WHO DAT: 31-17, SAINTS!

Feb 07, 2010 22:21

Just for the record: New Orleans has gone CRAZY. Took less than a minute to get Bourbon Street filled wall-to-wall and end-to-end with cheering, screaming people after the game ended. (The street itself, not the bars, y'all.) I tried to text Puck right after the game, and it would not go through. My dad tried to call Grandma, and it would not go through. Fireworks? You better fucking believe there were fireworks. Still going on, too.
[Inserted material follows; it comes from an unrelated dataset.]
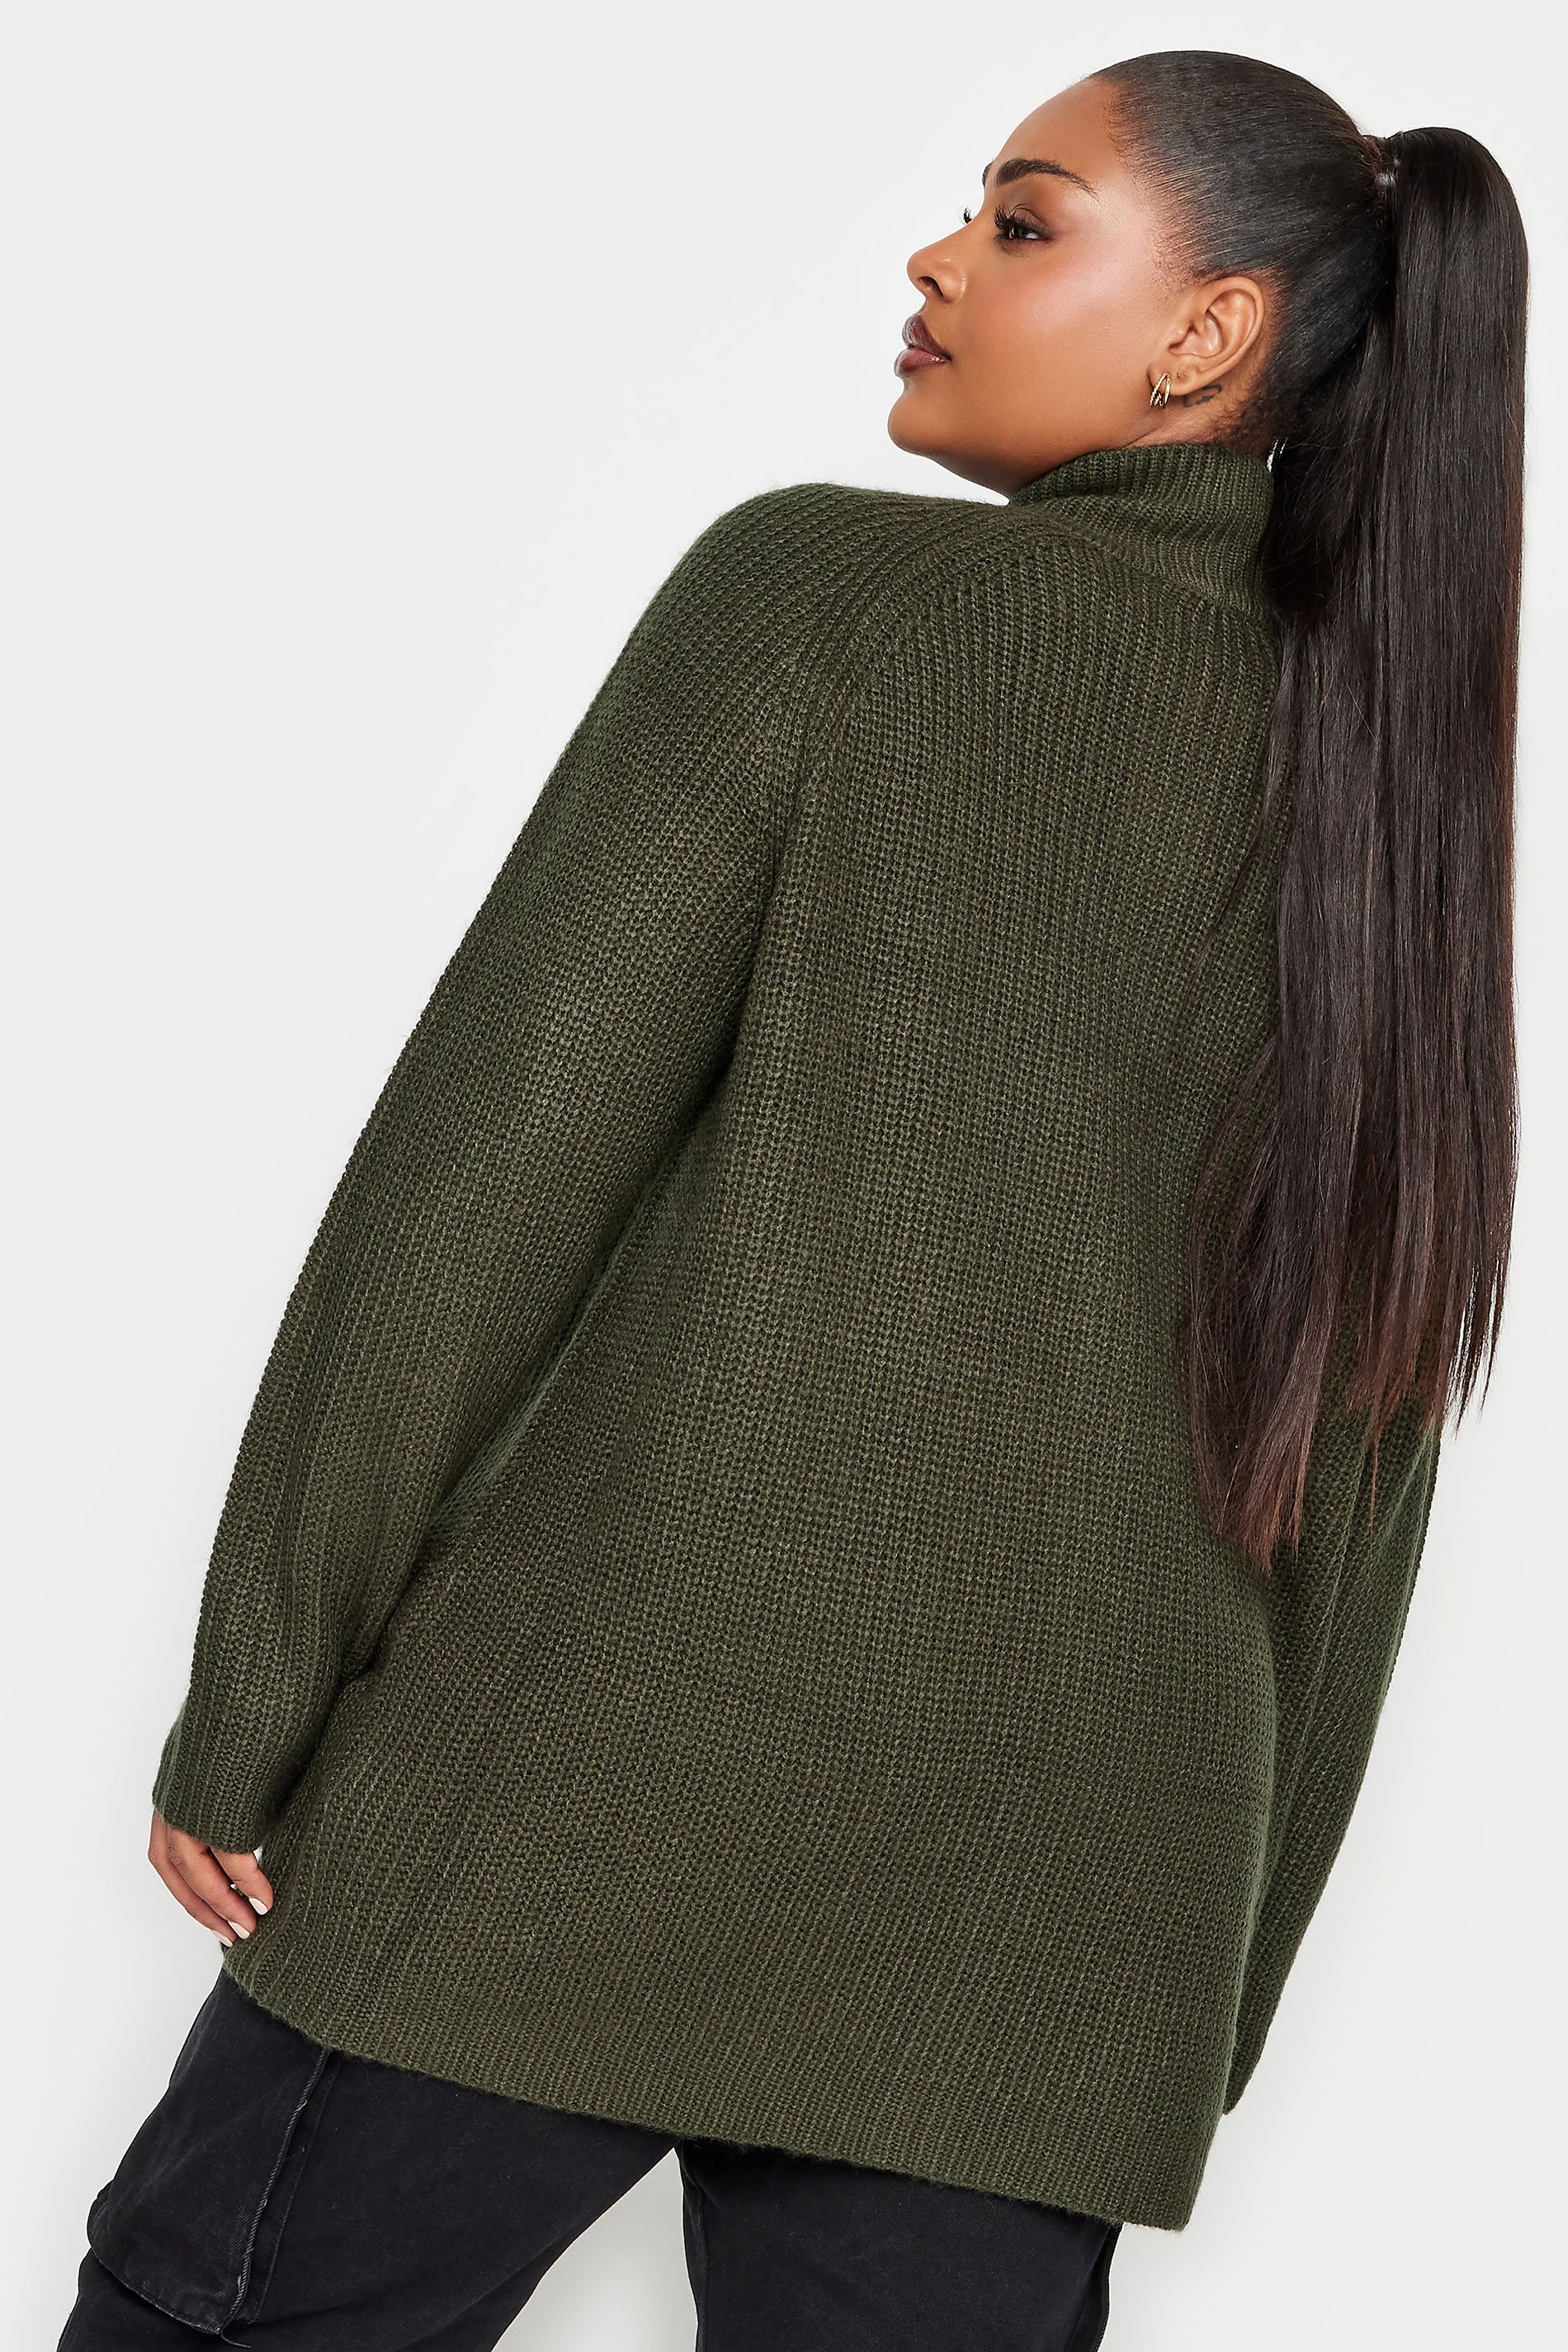 YOURS Plus Size Khaki Green Zip Through Cardigan | Yours Clothing 3

I could hear the roar of people celebrating in my sleepy suburban neighborhood when I stepped outside. You can hear it inside if they're close by.

Also, the honking is going to drive me crazy if it goes on all night.

[Pux]: I think that's the best rendition of that song I have ever heard.
[Me]: Yeah.

["The Star-Spangled Banner" is not an easy song to sing.]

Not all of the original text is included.